Even so, I'd suggest it would still be simpler and safer if the DNS reassignment is the final step, executed only when I'm ready. If an abort is warranted for any reason, then it would merely be a matter of turning off maintenance mode on the original server, and wouldn't need a step where I or the cloudron installer reverted the DNS state, which could be slow and/or another potential point of failure.
-
@girish I made an update in that git issue you created, as I ran into this situation today where I wanted to test something and didn't want to switch DNS records, but couldn't find a way past this so it was stuck in "Waiting for DNS propagation" state. I looked to follow the git issue you created but I see you closed it just a couple of weeks ago, and I'm not certain why exactly. Not sure if you want to continue this conversation in the git issue or this forum post, but letting you know just in case as this is the first I've also created a statement in a git issue for Cloudron.
-
The documentation states "It is recommended to not delete the old server until migration to new server is complete and you have verified that all data is intact (instead, just power it off)." but this implies that the restore should effectively complete before switching to it, yet the restore requires DNS changes first. So this seems like a contradictory workflow to me.
-
@d19dotca I have to admit, I don't remember why I closed that issue with a cryptic message. I have re-opened it. There is no workaround that I can immediately think of to try to restore a Cloudron with the existing one still running. FWIW, you can always restore apps easily using the import functionality.
-
@girish Thank you for re-opening that. In my particular use-case, I was trying to follow the steps from my VPS provider for extending my disk size (it isn't quite as straightforward as DigitalOcean for example where I can just hit a button and it's done), it's a bit more "old school" with lots of stuff to do in their UI and also at the command line level, but it's certainly do-able. So I wanted to test this out on a new VPS to make sure Cloudron would see the new disk size, etc and walk through the full process that I intended to do at a scheduled time later on where I'd then make a floating IP switch and be done with it.
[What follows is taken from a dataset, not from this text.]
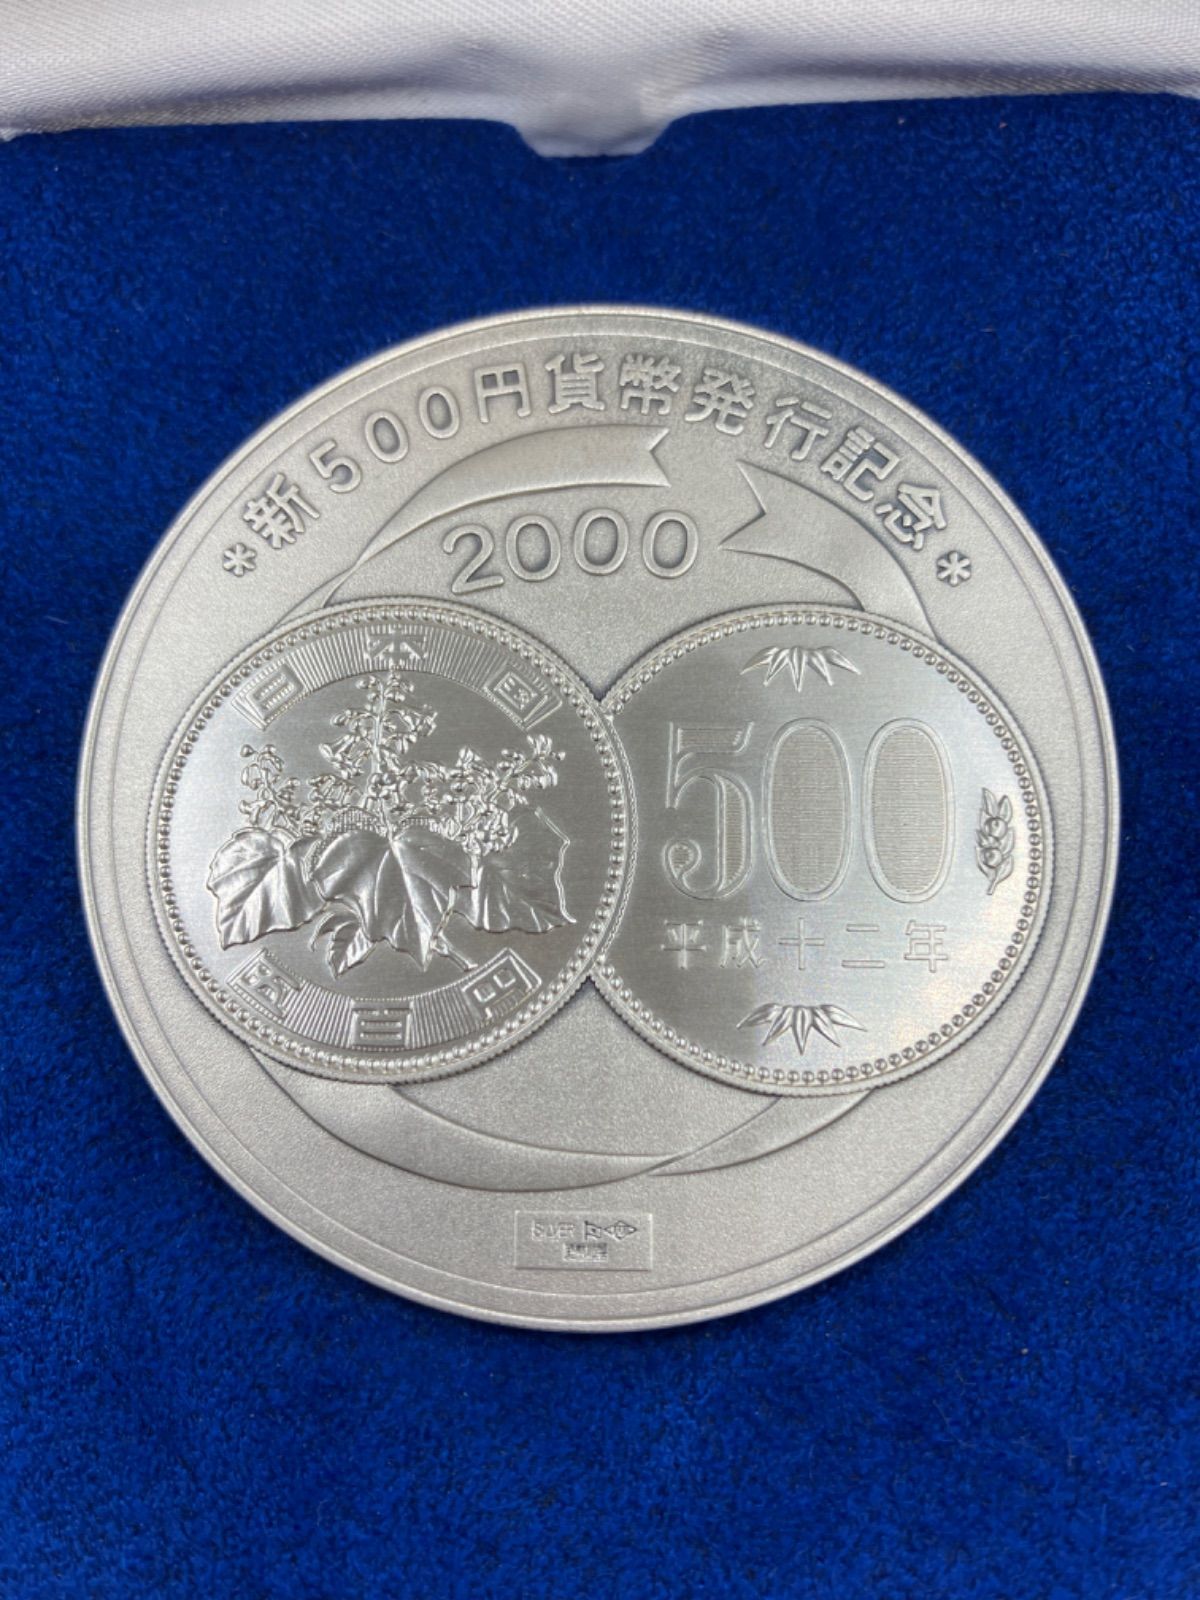 純銀1000量目新500円貨幣発行記念 2000 純銀メダル - その他

However this test wasn't really completed because of the "Waiting on DNS" stuff in the restore process.
So one thing I could do as a workaround is actually create a VM snapshot of my current one, then use that on a new volume and then make it the boot disk of a new VPS. However, this takes a long time to do and I'd be worried what I'd do for emails and such that arrive at the old Cloudron until the time I've switched it all over to the new one, because there'd be an inconsistency then after an hour or so has passed until I can get it all setup and done.
It's okay though, we can take up that last part in the other forum post I made for it, but that was just my use-case and reason why I was expecting not to have to wait for DNS to propagate so I could actually complete my test and get into the dashboard and verify it sees the extended disk size, etc.
-
Is it possible this can be considered for 6.2, @girish ? I really feel like this is a critical component in order to test backups, setup new instances without flipping the DNS to it yet, etc. Without it, it makes it hard to to proper testing before migrating a Cloudron to a new server, etc. I'd like to do some test runs before the real one when I have a dozen+ clients relying on it (some of which are fairly critical to their business that can't survive too much downtime or flipping between one and back to the other if performance is not as great as expected on the new server for example).
I realize there are some workarounds available in certain scenarios, but they aren't accessible to everyone at any time (i.e. switching my.<hostname>.<tld> to new server to test) if users are needing access to the Cloudron Dashboard, etc.
-
@d19dotca OK, I have scheduled https://git.cloudron.io/cloudron/box/-/issues/737 for 6.2, let's see.